When I haven’t been good at having a why, I have been more susceptible to feeling stuck in the past and old ways of coping. In fact, many formal definitions of recovery focus on having the desire to make goals and fulfill them, as well as consistently engage in activities that make life feel purposeful. Being dedicated to your why also requires you to take good care of yourself, if you are going to succeed. By having goals and taking steps toward them, you start making a new kind of meaning of sexual trauma — one that doesn’t revolve around what happened, but instead celebrates how you have overcome the past.
Below are a few questions that may help you determine your why. You can always share your responses in the comments below, but please review the Guidelines for Commenting if you haven’t already, and always prioritize your recovery.
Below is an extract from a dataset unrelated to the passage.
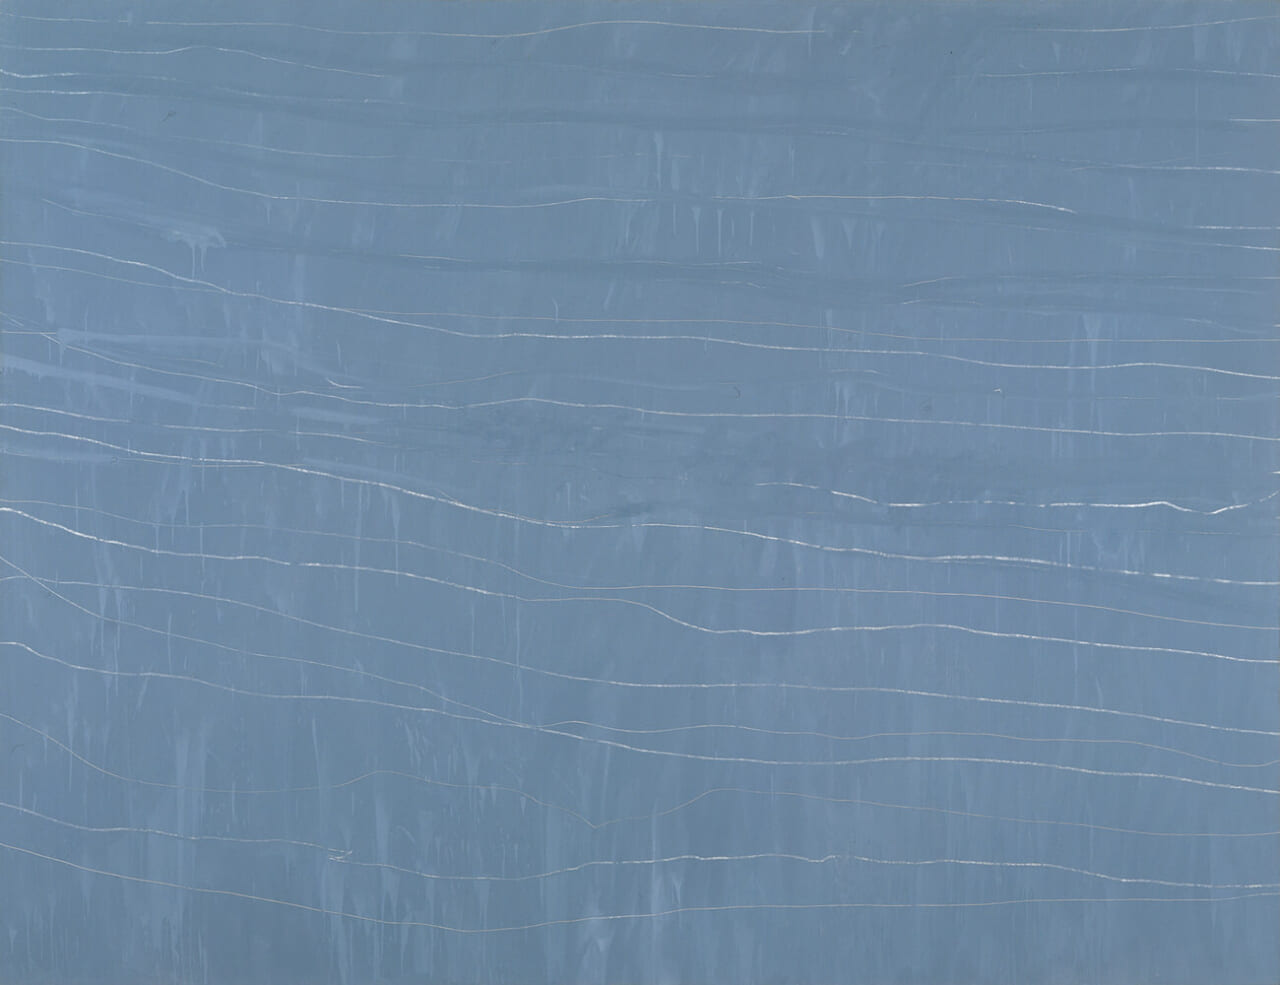 サイ・トゥオンブリー《無題》1968年　家庭用塗料、クレヨン、カンヴァス　200 × 259cm
© Cy Twombly Foundation

In the next post I cover a bit more about goal setting and simple ways to increase the likelihood of success.
What is your “why” for recovering from sexual trauma? You may have one reason or twenty. Try to write them all down. If you have more than one, try to arrange them according to importance.
Ask yourself, “If I were to be fully recovered from sexual trauma, what would be different about my life?”
How would you feel different? How would you behave differently? Would you have different thoughts? What kind? Would you feel differently in your body? What would you feel? Would you no longer misuse or abuse substances? Would your relationships be different? Would sex be different? Knowing the answers to such questions — including knowing which of these questions feel most important to you — can be useful for thinking about how you want to focus your recovery work.